The lawyer, Kenneth Denti, had worked at Fox Rothschild and Margolis Edelstein, according to the disciplinary review board opinion recommending disbarment. The disbarment order, attached to the end of the review board opinion (PDF), is dated Jan. 11. The Legal Profession Blog has the story.
Denti made “bogus” time entries at both law firms to justify his continued compensation, the opinion says. He also had sex with a divorce client at Margolis Edelstein and billed Margolis Edelstein for meals with other women he was dating, including two women he met through the Internet, according to the review board.
“We conclude that respondent engaged in an extensive and extended scheme to defraud the Fox Rothschild and Margolis Edelstein law firms,” the opinion concluded. “He submitted fictitious time sheets for more than two and one-half years, encompassing more than $350,000 in fees.”

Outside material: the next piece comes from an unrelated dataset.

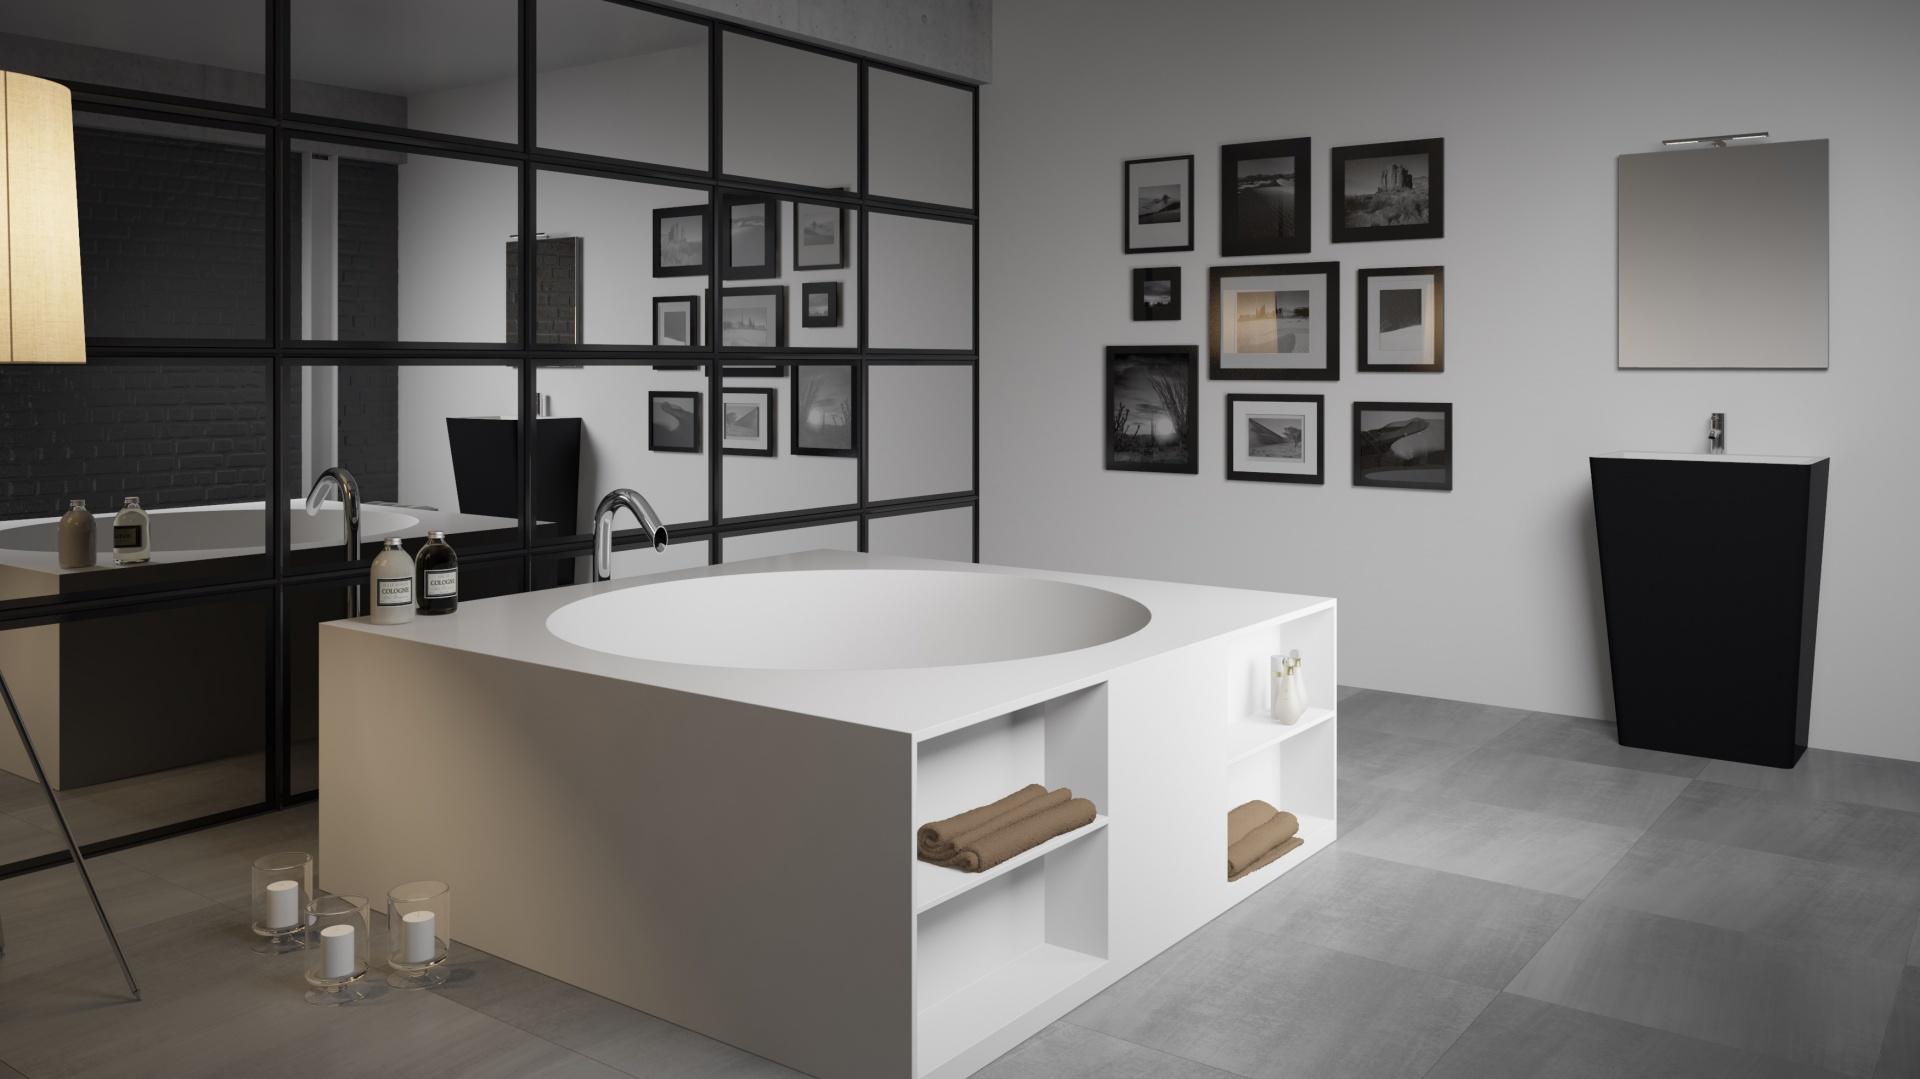 Wanna Tarragona z serii Solid Surface, wymiary 170x170 cm, umywalka wolnostojąca Dijon z serii Solid Surface, wymiary 60x44 cm, w kolorze czarnym (możliwy dowolny inny kolor). Fot. Riho.
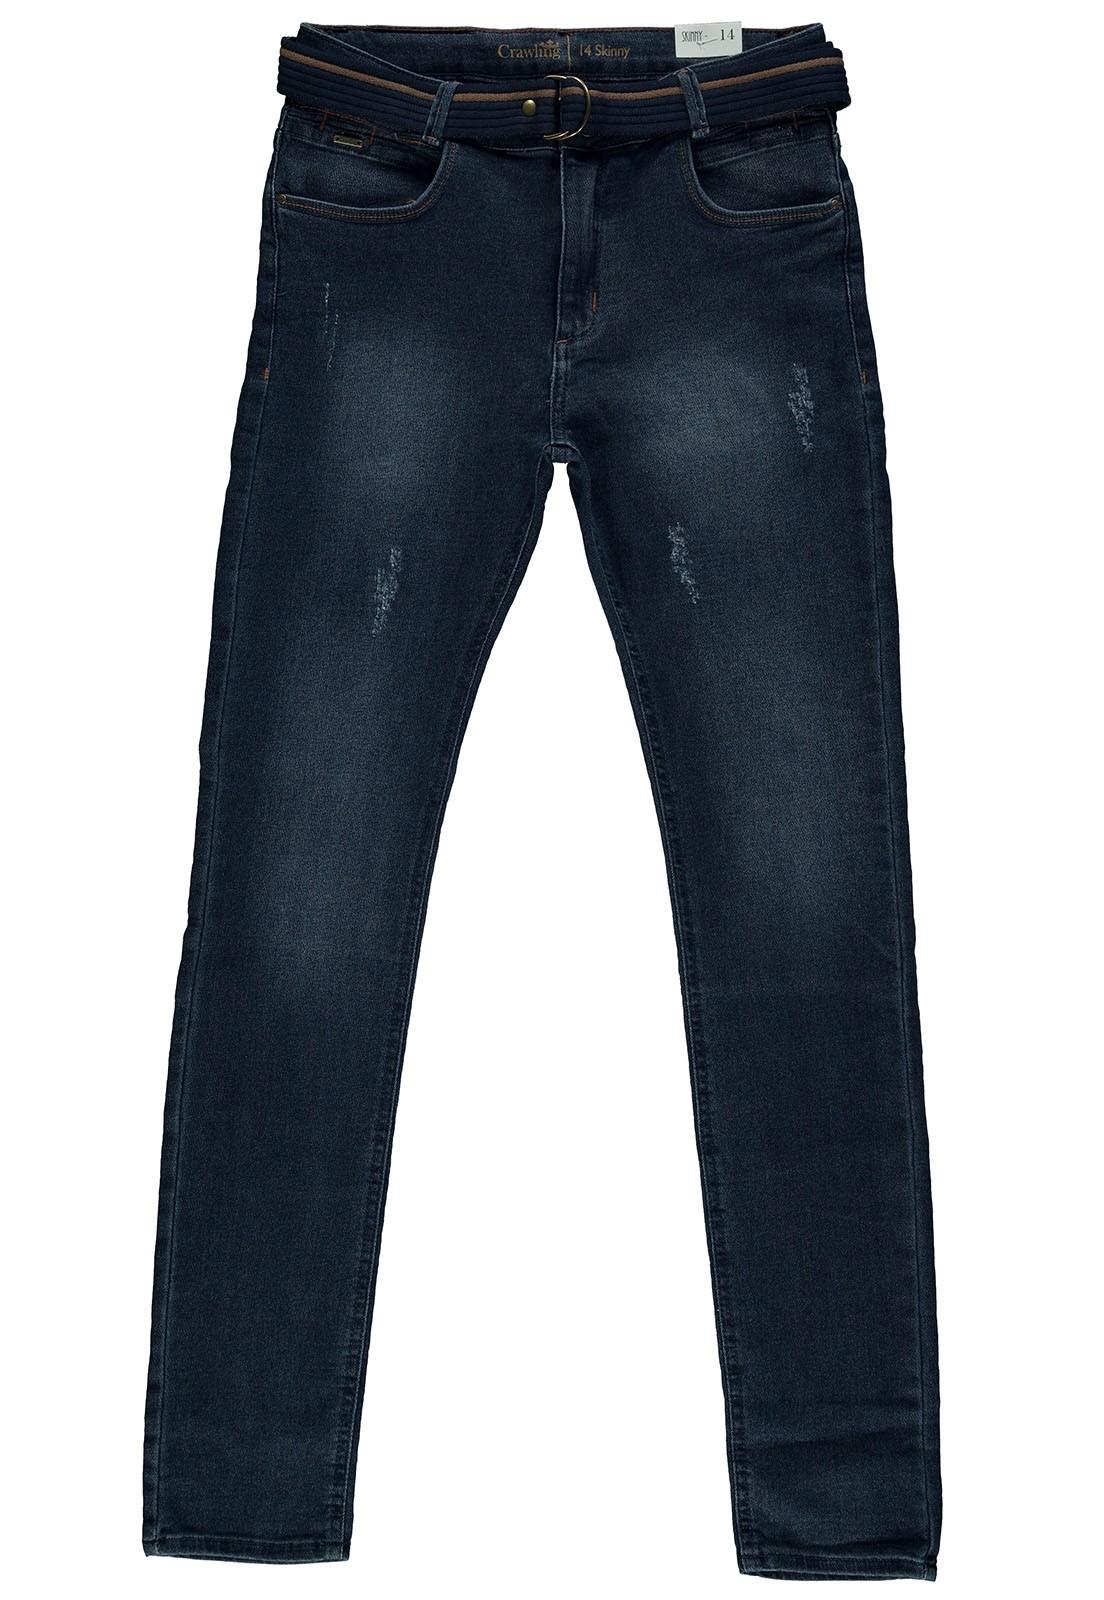 Calça Masculina Skinny com Cinto

Denti and the divorce client had both denied a sexual relationship, but flirtatious e-mails told a different story, according to the opinion. The document goes through a series of questions presented to Denti during the ethics hearing and his denials, including this question: “Let’s talk about your e-mail. What are you talking about with a whole case of raincoats and using them all in one night?”
“I think I’m joking,” he replies, and then says it probably refers to the client’s husband.
The review board said the relationship with the divorce client was unethical because she was attempting to reconcile with her husband.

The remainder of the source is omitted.